ACL Injury

The ACL Is a strong band of tissue that connects the back of the Femur (thigh bone) to the  front of the Tibia (shin bone) within the knee. It is one of the four main stabilising ligaments that provide stability to the knee whilst allowing it to maintain a large range of movement. It sits in the centre of the knee. 

What does the ACL do?

The ACL resists forward movement of the tibia on the femur and also provides a degree of rotational stability. This function is important in keeping the knee stable in activities such as going down stairs or cutting or pivoting manoeuvres often experienced in sporting activity.

How is the ACL injured?

The ACL is often injured (ruptured or torn mean the same thing) when the knee is excessively twisted or pivoted. This can happen in sporting activity such as whilst performing a sidestep or quick change of direction. This is called a non -contact injury and is the most frequent mechanism and  occurs in sports such as football rugby or netball. A slow twist whilst skiing such as when a ski doesn’t come off in a fall whilst skiing is also a common presentation. It can also occur in trips and falls or in tackles or accidents, a contact injury.

What are the symptoms of an ACL injury?

At the time of the injury people will often feel or hear a pop from the knee. They will often fall to the ground and be unable to carry on with the activity. They will often experience pain from the knee. Because the ACL contains blood vessels when these are torn they bleed into the joint causing fairly rapid onset of swelling. Immediately afterwards people may struggle to put weight through the knee.

The acute swelling and pain initially felt will progressively settle over a few weeks. The more long term effects of the injury may then be felt. These may include a sensation of instability in other words a loss of confidence in the knee or a feeling that the knee may give way. This is often felt when trying to turn or change direction on the knee. Occasionally the knee actually  gives way and this risks causing further damage to the knee such as tears to the meniscus or damage to the joint surface. This instability often prevents people from returning to playing sport.

How is an ACL injury diagnosed?

The damage can often be diagnosed by the typical history or story of how the injury was sustained and the immediate symptoms of a pop or giving way and immediate onset of swelling.
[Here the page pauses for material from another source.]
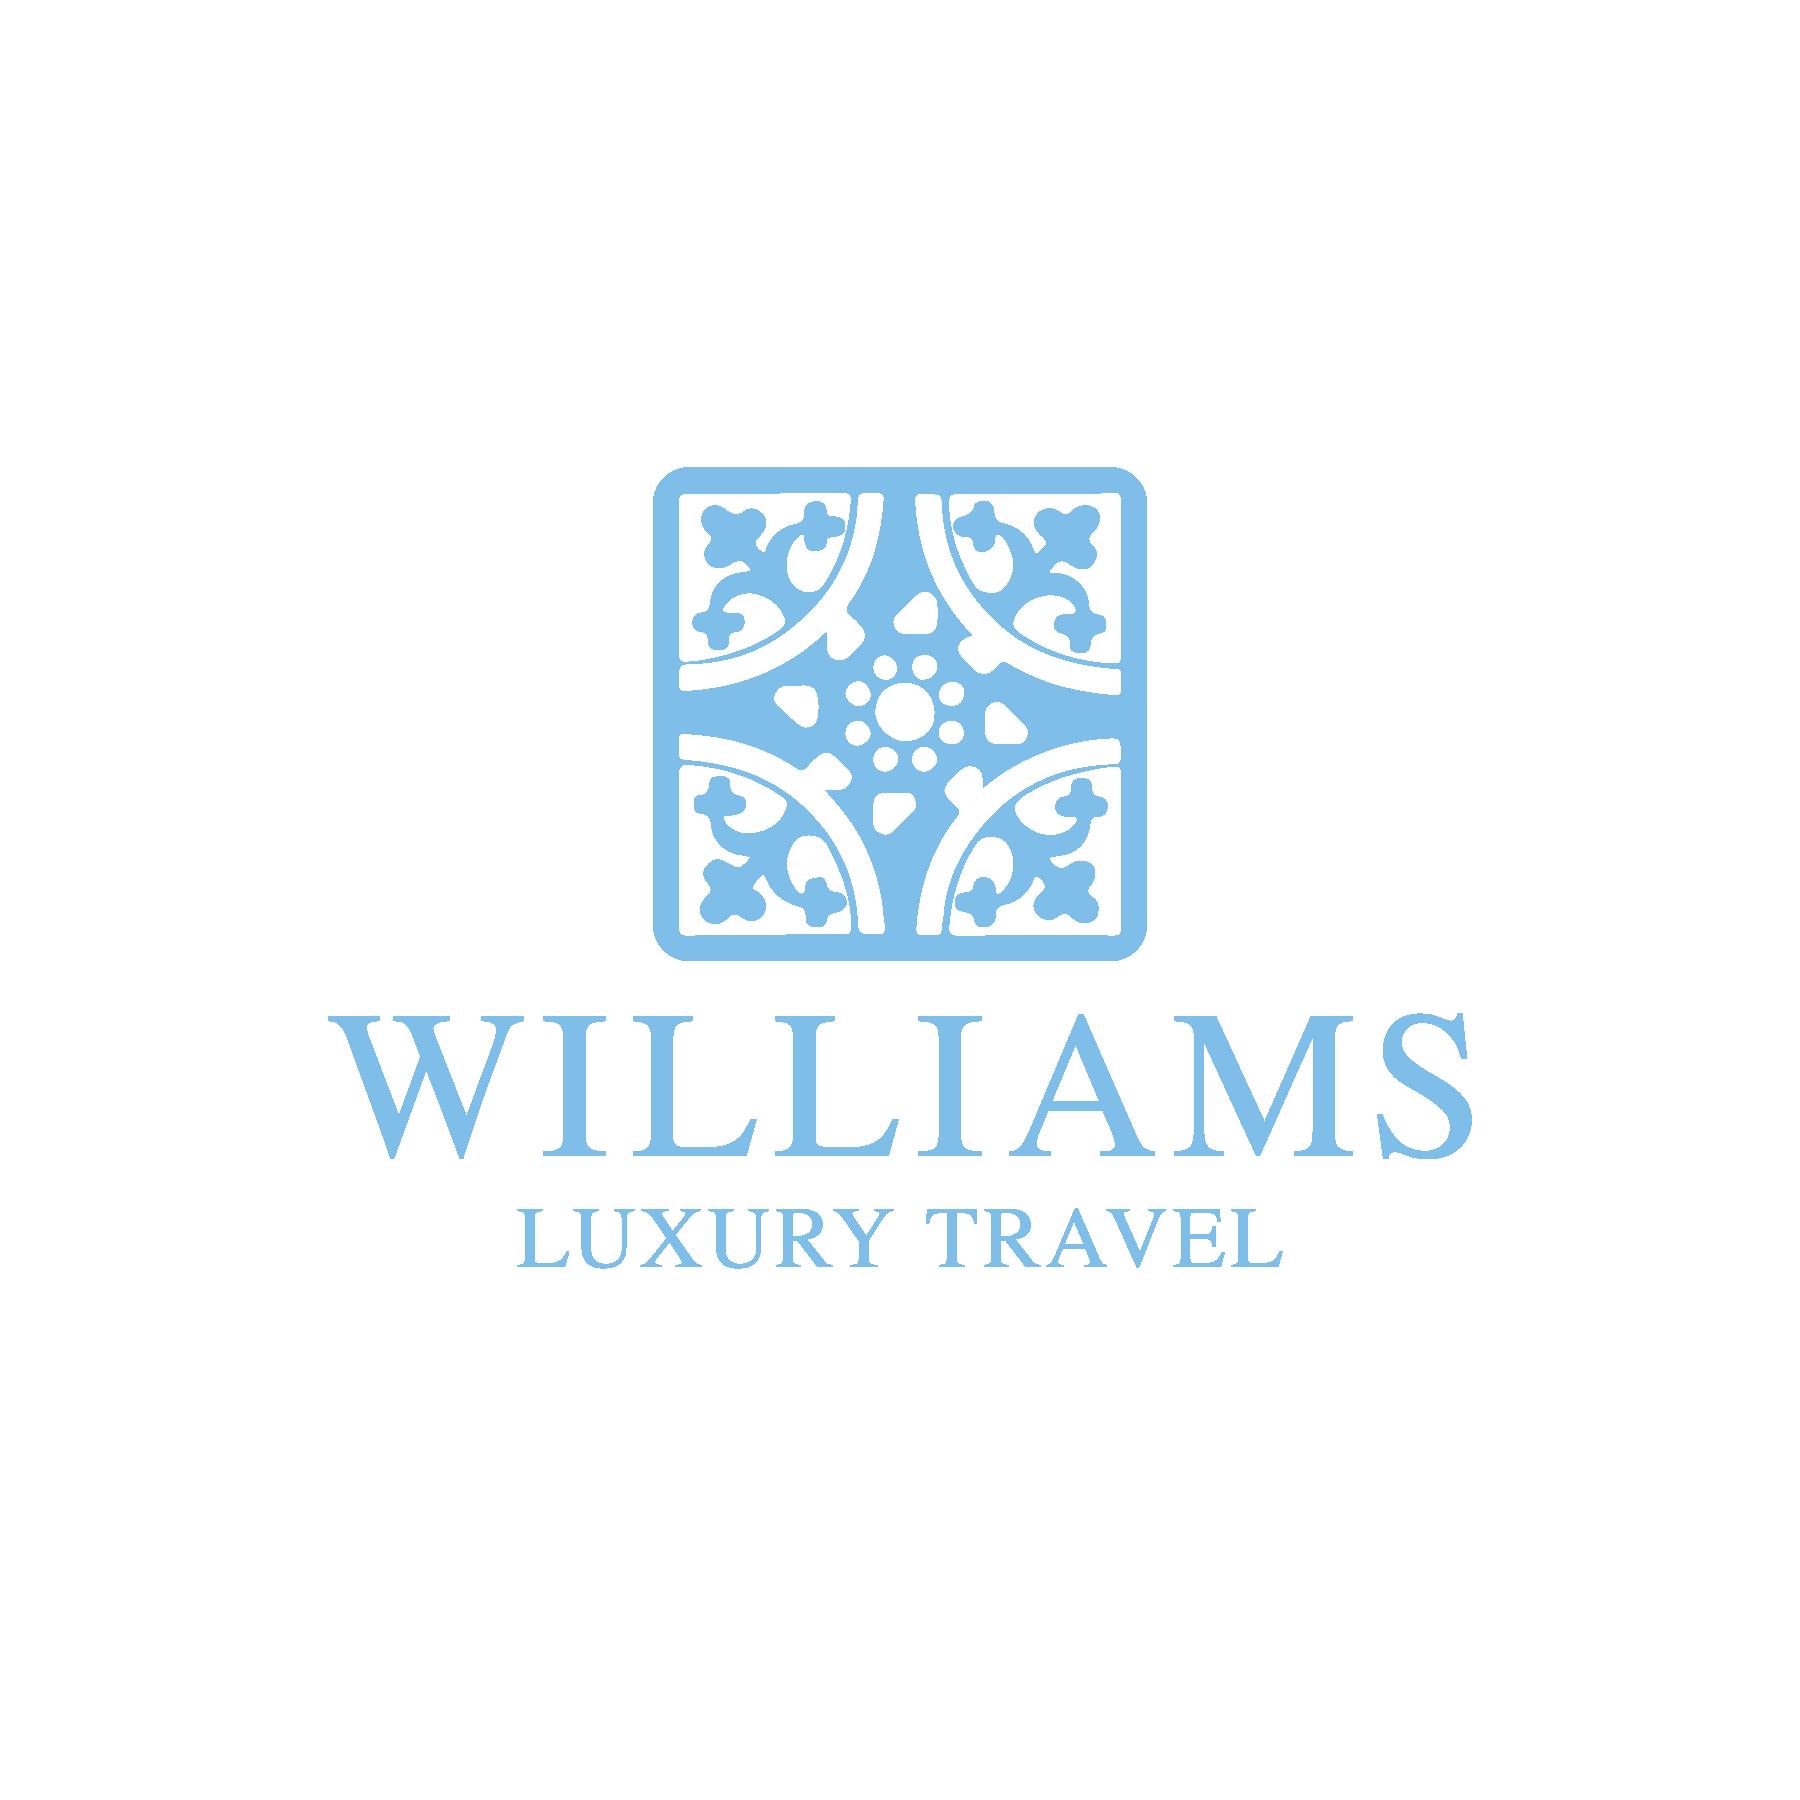 Williams Luxury Travel

An experienced knee surgeon or physio can detect the injury by examining the knee. There will be increased movement to pulling the shin bone anterior on the thigh bone (lachman test) and increased movement on attempting to pivoting the knee. The doctor will also be able to detect the swelling. 

An MRI scan is frequently requested. This is very accurate in confirming the injury as it visualises any damage to the ligaments of the knee very clearly. It is also requested to see if there are any other associated injuries such as meniscal tear or cartilage damage that can occur at the same time as the injury.

Treatment for ACL injury

Initial treatment focuses on getting over the acute injury. This involves reducing the initial swelling with rest and ice.  Physiotherapy is also important to activate the quadriceps muscle and to help prevent them from significantly weakening. This can also help get the swelling down. Exercises will also be commenced to work on regaining a full range of movement in the joint which is very important if surgery is to be considered. After this exercises to build back full strength in the knee are instituted. Regular use of an exercise bike at this stage can be very useful.
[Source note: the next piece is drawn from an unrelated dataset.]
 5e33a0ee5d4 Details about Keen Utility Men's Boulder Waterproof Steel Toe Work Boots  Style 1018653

Surgery to reconstruct The ACL is frequently considered. The ACL unfortunately doesn’t heal itself as it usually pulls away from the femur and displaces from its attachment due to gravity. A reconstruction involves taking tissue from elsewhere to make a new ligament.

 

Not every patient needs to undergo a reconstruction as some people can cope without an ACL As a very rough rule of thumb about one third of patients can cope without an ACL without altering their activities to any great extent. A further one third can cope if they alter their activities and the final third   have regular episodes of instability or giving way with daily activity risking further damage to the knee. It is therefore reasonable to wait a period of time after injury to see how one copes with the injury after a period of physiotherapy (conservative treatment) and choosing surgery if the knee isn’t stable enough to perform desired activities. 
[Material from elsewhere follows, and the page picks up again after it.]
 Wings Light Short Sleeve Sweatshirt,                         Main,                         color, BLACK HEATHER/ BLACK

It is also reasonable to choose early surgery after the knee has settled from the injury and regained range of movement. This is more likely to be considered if the person regularly performs twisting and pivoting sports and the knee feels unstable to clinical testing by a knee surgeon.

Recovery from ACL injury

The acute phase of injury usually takes anything from 4 to 10 weeks to settle. If a non operative course with physiotherapy is chosen the knee is not going to be as good or as stable as it can get until at least 4 months post injury. If surgery is opted for providing there are no other injuries such as meniscal tears that need treatment then we would anticipate the use of crutches for 2 -4 weeks. Use of an exercise bike at 6 weeks. Straight line running at 3 months and gentle twisting activities at 6 months. The earliest I would be happy for a full return to sport would be 9 months but for many people it is closer to a year. This is all very dependant on the amount of effort put into postoperative rehabilitation.